複雑なようにみえて、人間の行動原理や思考はベースのところはシンプルだなとも。
ワタクシ的名言
「人生を楽しみなさいな。笑い飛ばして生きるのが一番の美容ですわよ」は、漫画「砂の城」の登場人物、マダム・シフォンヌの言葉。
「なぜ生きるのか」というのは、哲学の話をするとまぁよく出てくるし、哲学の話じゃなくても中二くらいになると考え始めたりするし、内省してしまう人がハマる代表的な問いなんじゃないかしら。
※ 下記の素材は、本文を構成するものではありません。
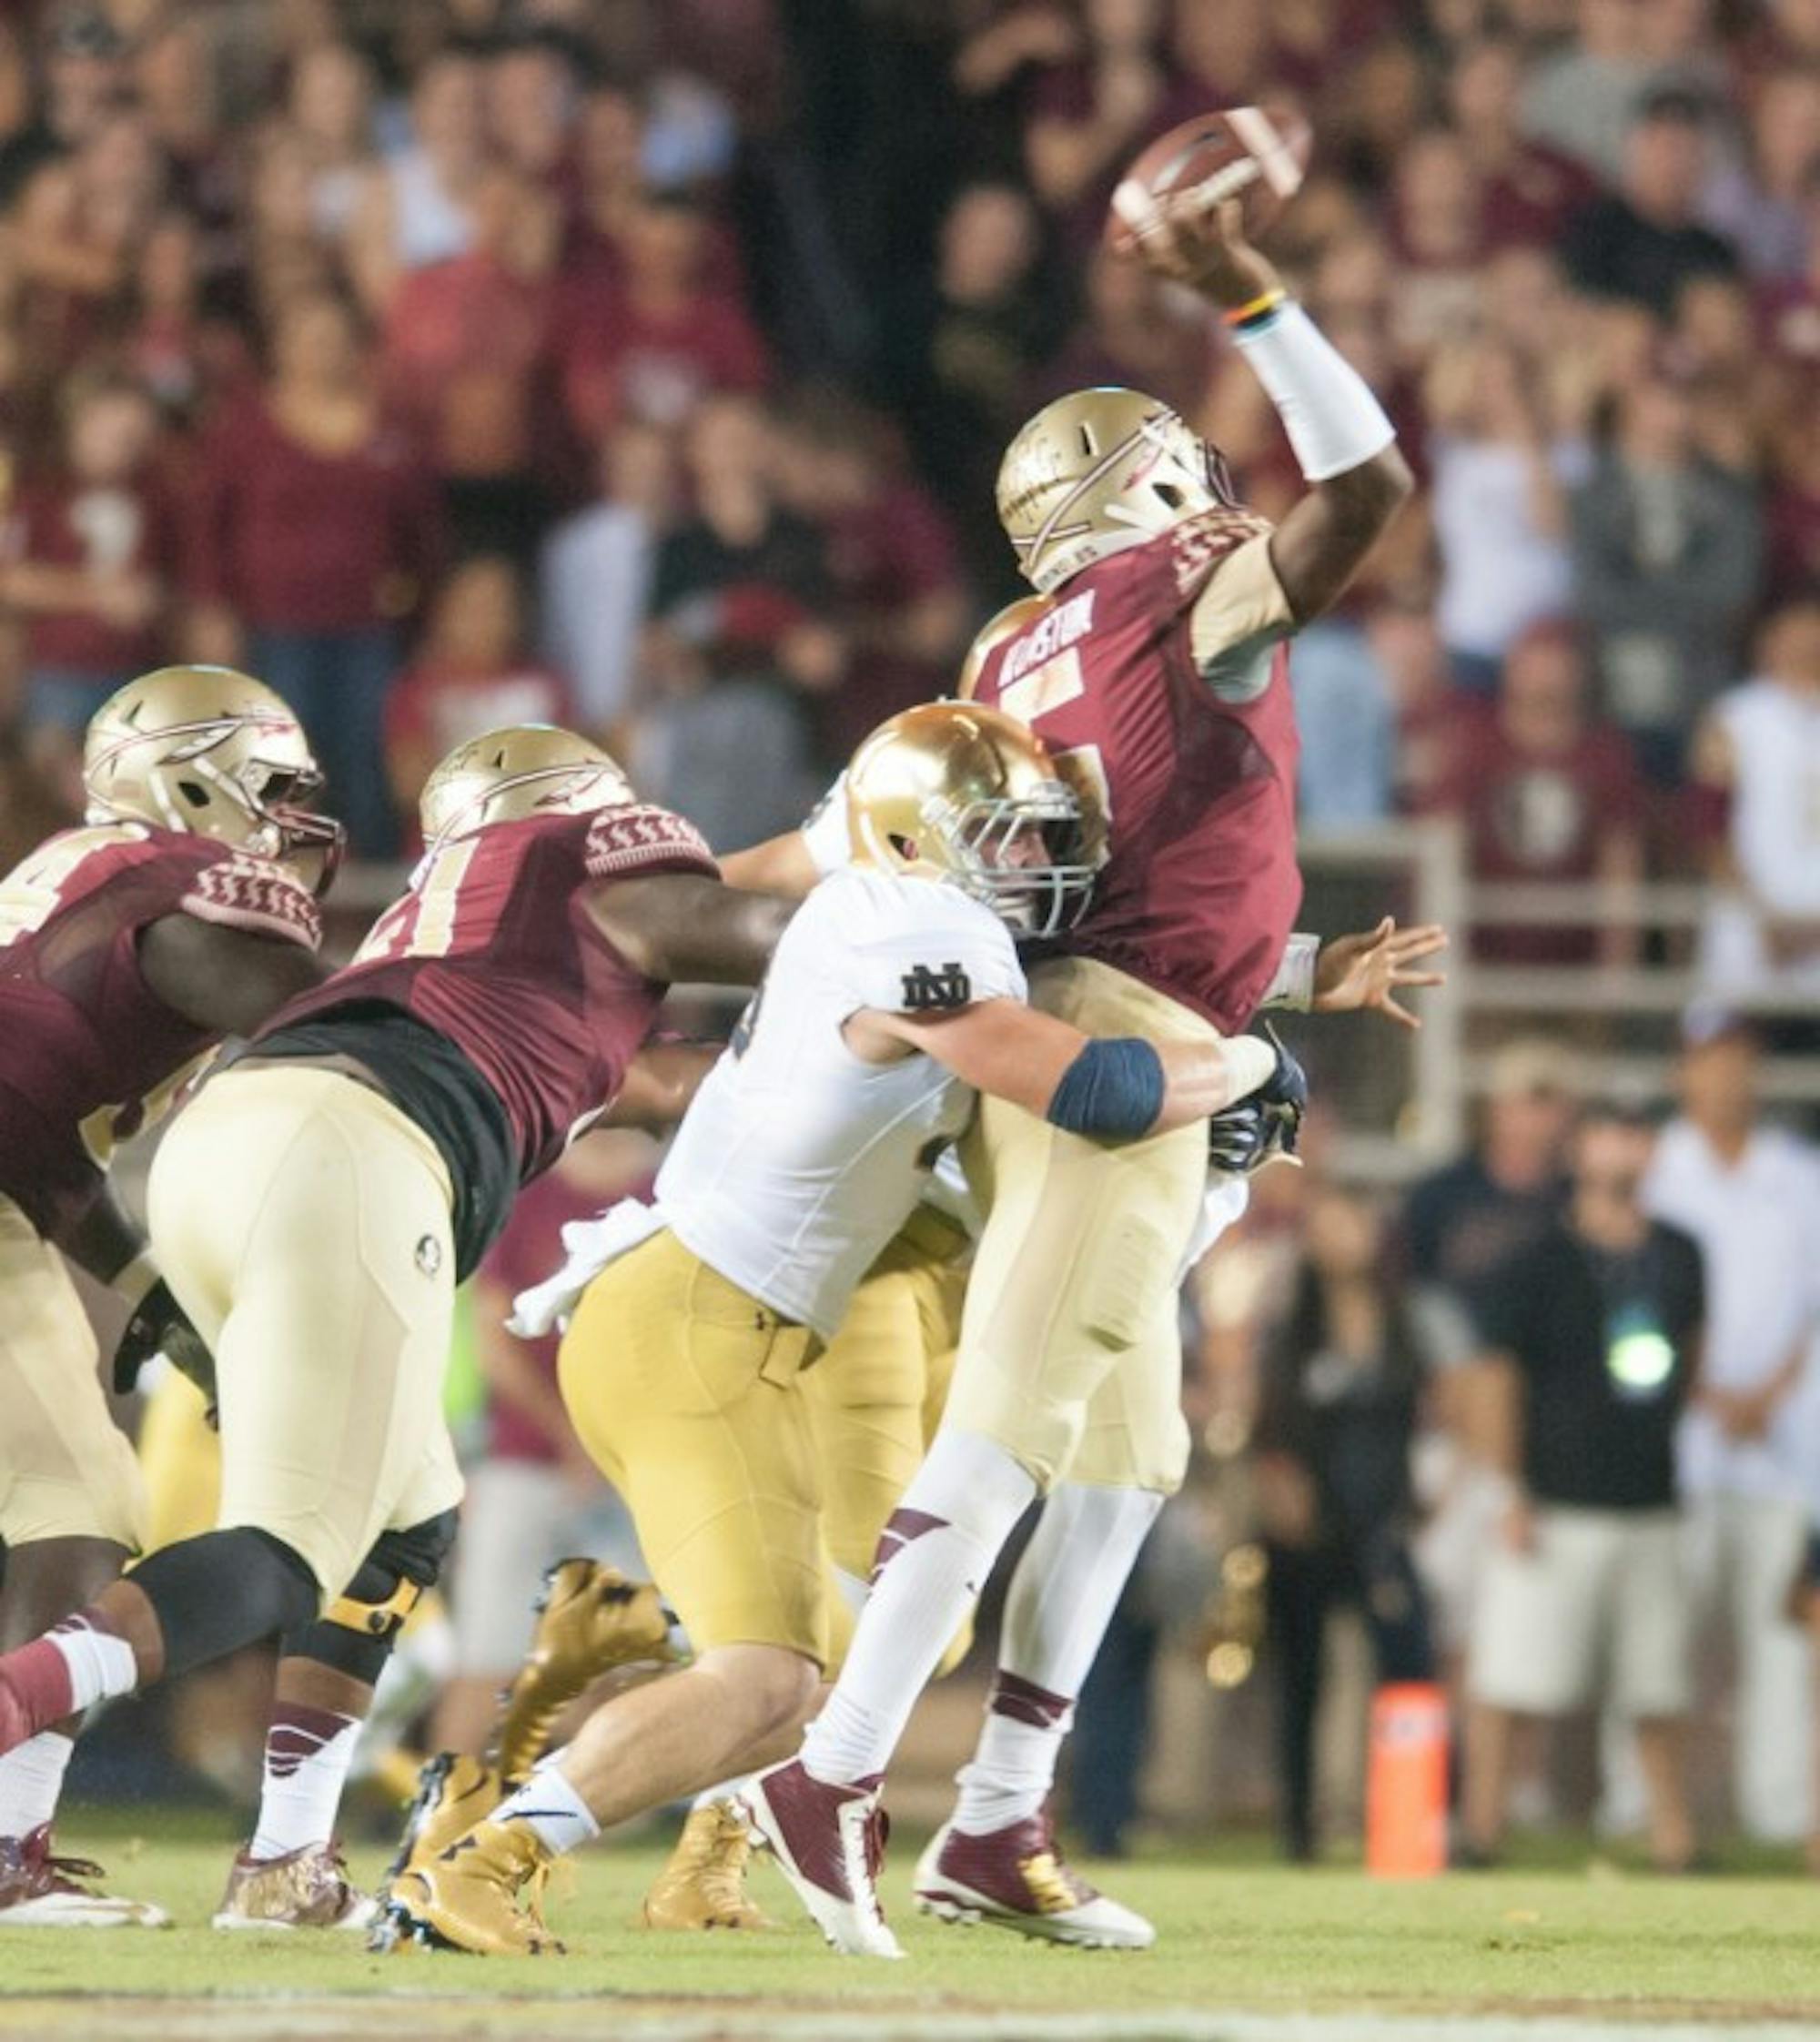 Senior Joe Schmidt gets a hit on Seminole sophomore quarterback Jameis Winston during Notre Dame's 31-27 loss against Florida State University on Oct. 18 at the Doak Cambell Stadium.
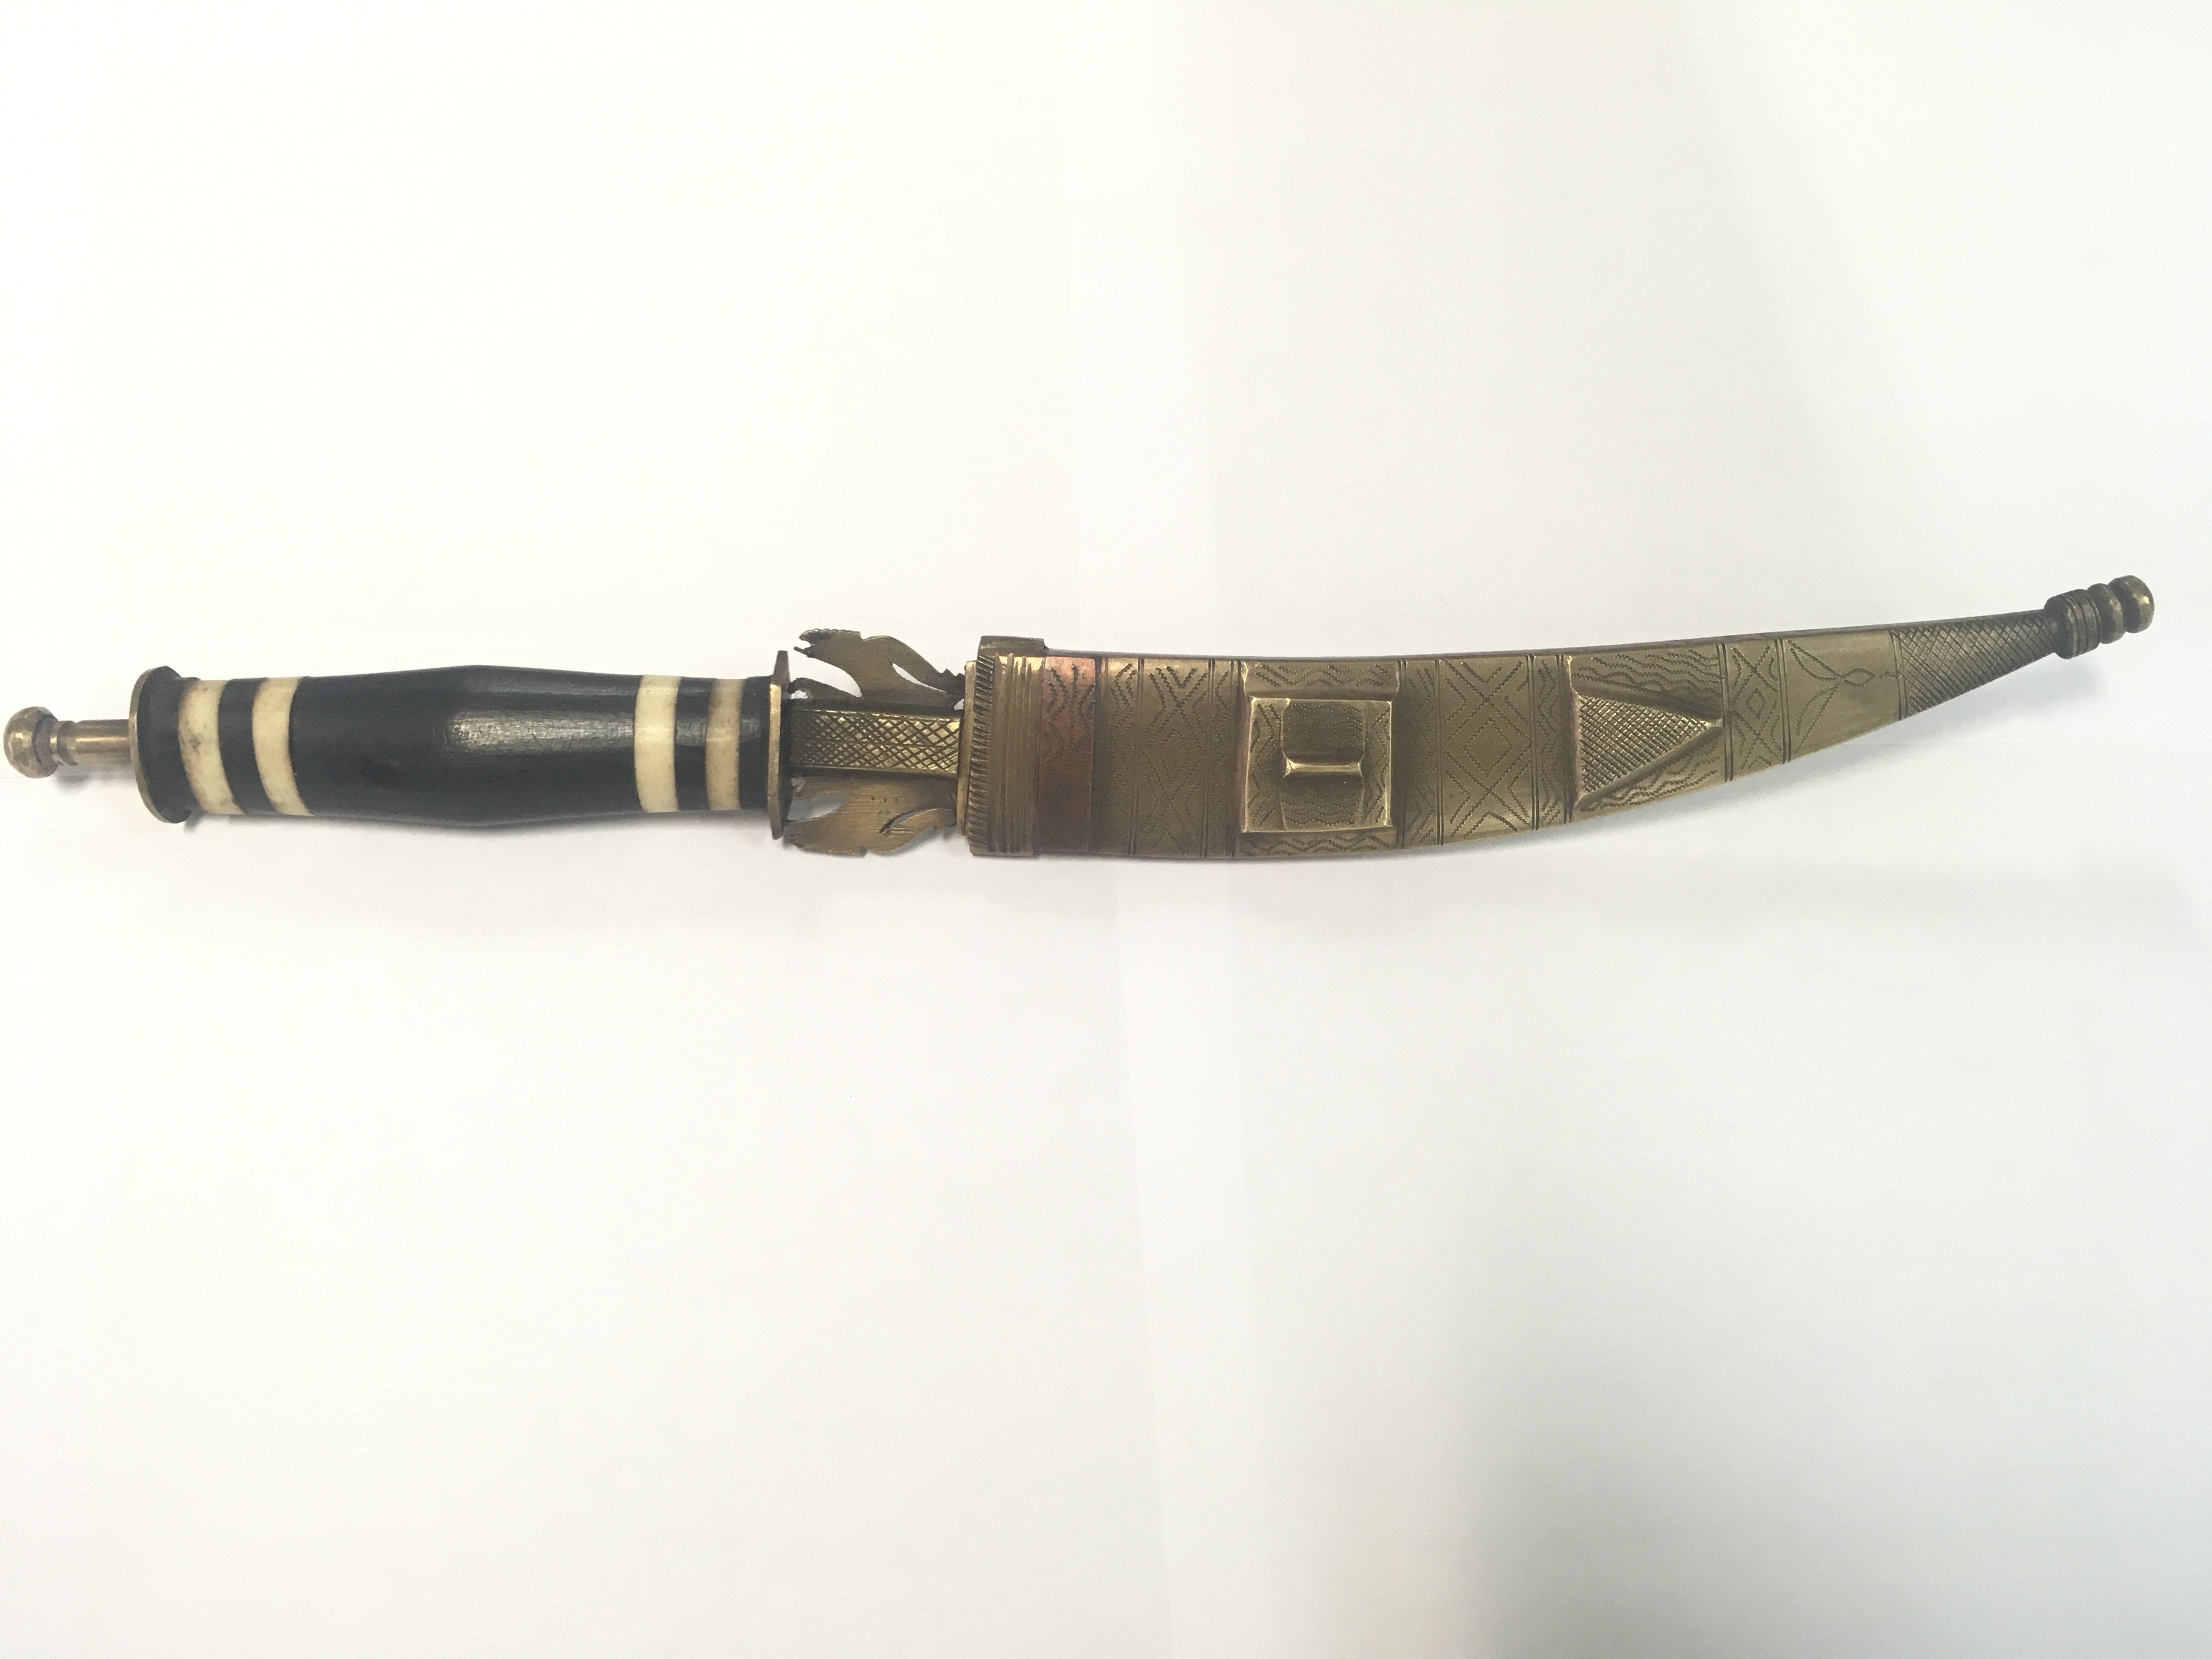 Unusual antique knife in brass scabbard with a woo
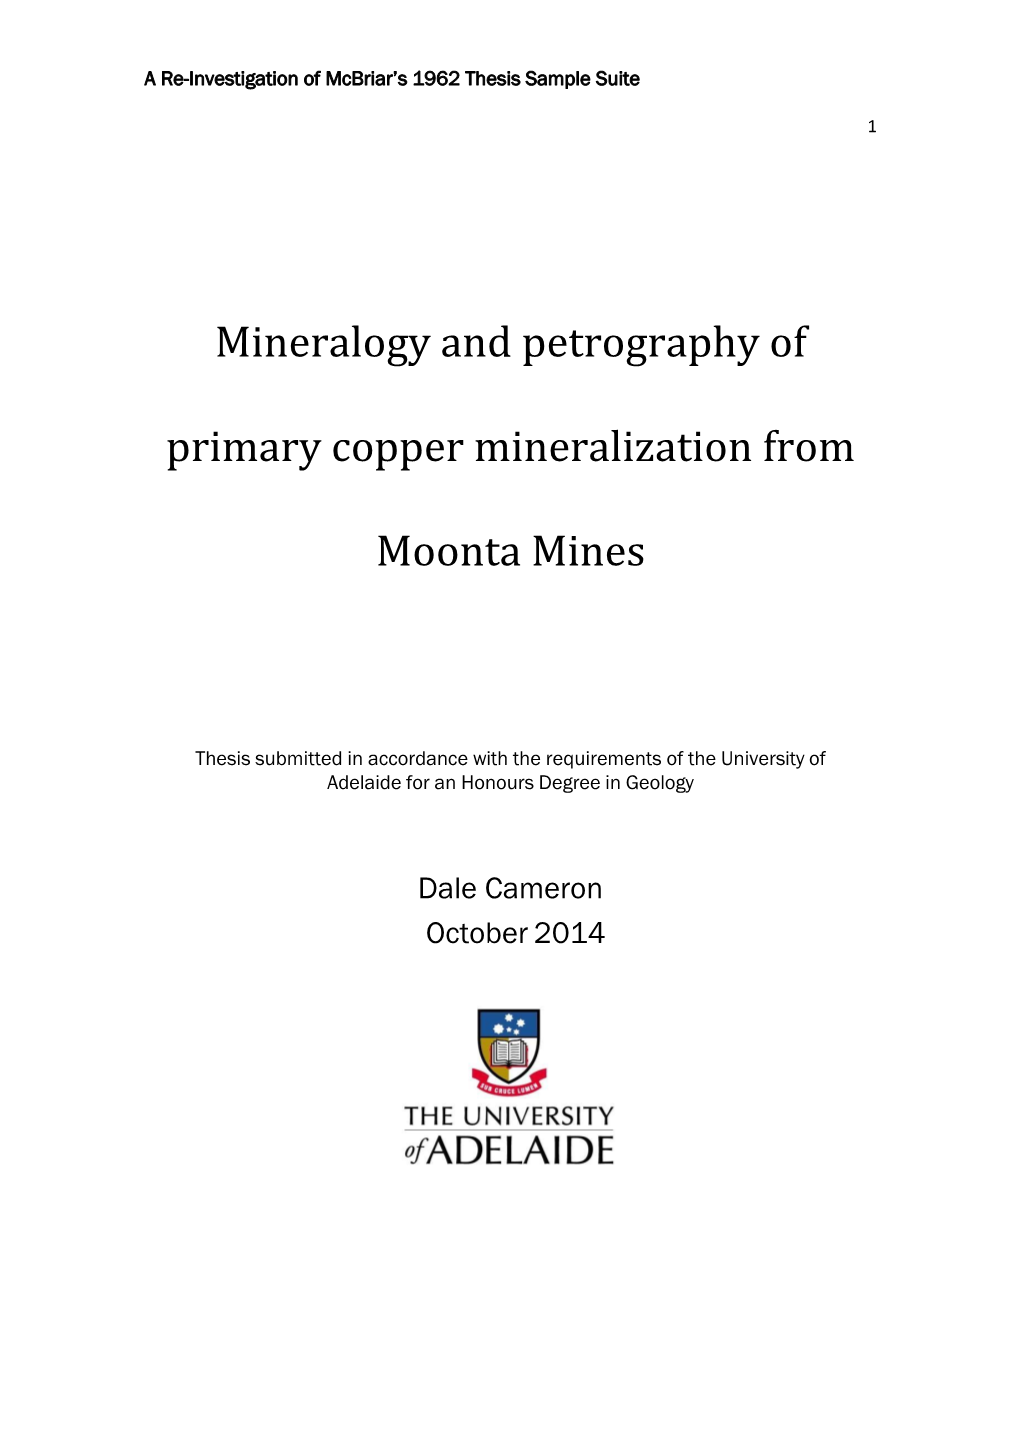 Mineralogy and Petrography of Primary Copper Mineralization from Moonta Mines: a Re-Investigation of Mcbriar’S 1962 Thesis Sample Suite

人によっていろいろな意味づけがあると思うし、時期やタイミングによってもその答えはかわるのかな~と思うけど、基本、私の考えは「意味なんてない」で一貫しています。基本的に意味はなくてその時々でその時々の自分にあうように都合よく意味づけをしていけばいいんじゃん!という考え。「意味がある」を前提にすると意味を見失ったときにオロオロするけど、「意味がない」を前提にすれば、あとは必要に応じて意味を自分で見出せばいいだけなので。ただ、せっかく生きているからには、人生を楽しみたいというのはあります。意味とかないけど楽しく生きて最後に「おもしろかった」と言って死ねたら万々歳かな~~。そのためにはここにあるように自分が何を手に入れたら幸せかはしっておけるとよりHappyだなと思う。
最近、韓国のバラエティをよくみるようになったんだけど、バラエティ番組ででてきたギアン84っていう漫画家が私大好きで。このギアン84を語るときによくでてくるのが「生まれたついでに生きる男」という枕詞。
この「生まれたついでに生きる」っていうスタンスもすごく気に入っている。
このくらい肩の力を抜いて私も生きたい。
まんま私だーーーー。そもそも「みんなに愛されたい」願望もそこまでなかったけど、ちょっとずつ子育てが落ち着いてきてる今、どんどん自分自身を楽しませることにエネルギーを注いでいる気がする。そして実際に本当に幸せ。私のまわりの同世代もやっぱり推し活したり、なにかにハマってる人たちはめちゃくちゃ楽しそう。で、自分の好きなものを人に語るときの「本気でこの良さを知ってほしい」という熱量は本当にすごい。すごいから私もめちゃくちゃ影響を受ける。私がBTSを好きになったのも韓国ドラマみるようになったもの友人の影響だし。
推し活してる人たちを揶揄する声もまぁよく聞くけど、それでも今はかなり推し活が一般化してきてるし、「推しがいることがうらやましい」と言われることもすごく多くなってきたような気がする(実際、私も何人にも言われた)。
「誰がなんと言おうと私はこれが好きだ」っていうのがあるのは人生を本当に幸せにします。
世の中の人みんな、オタクになればいいんだよね、きっと。
このほかにも、一条先生の含蓄あふれる言葉がたくさん詰まってて、面白おかしく読めるので、一条先生好きはぜひ読んでほしい一冊です。
ただ、その後の有閑倶楽部の漫画や有閑倶楽部についてかたってる部分も、もちょこっとあったけど、ほんと、ライトな感じだったのが物足りなかったな・・・。そこを期待してるとちょっと残念感はあるかもです。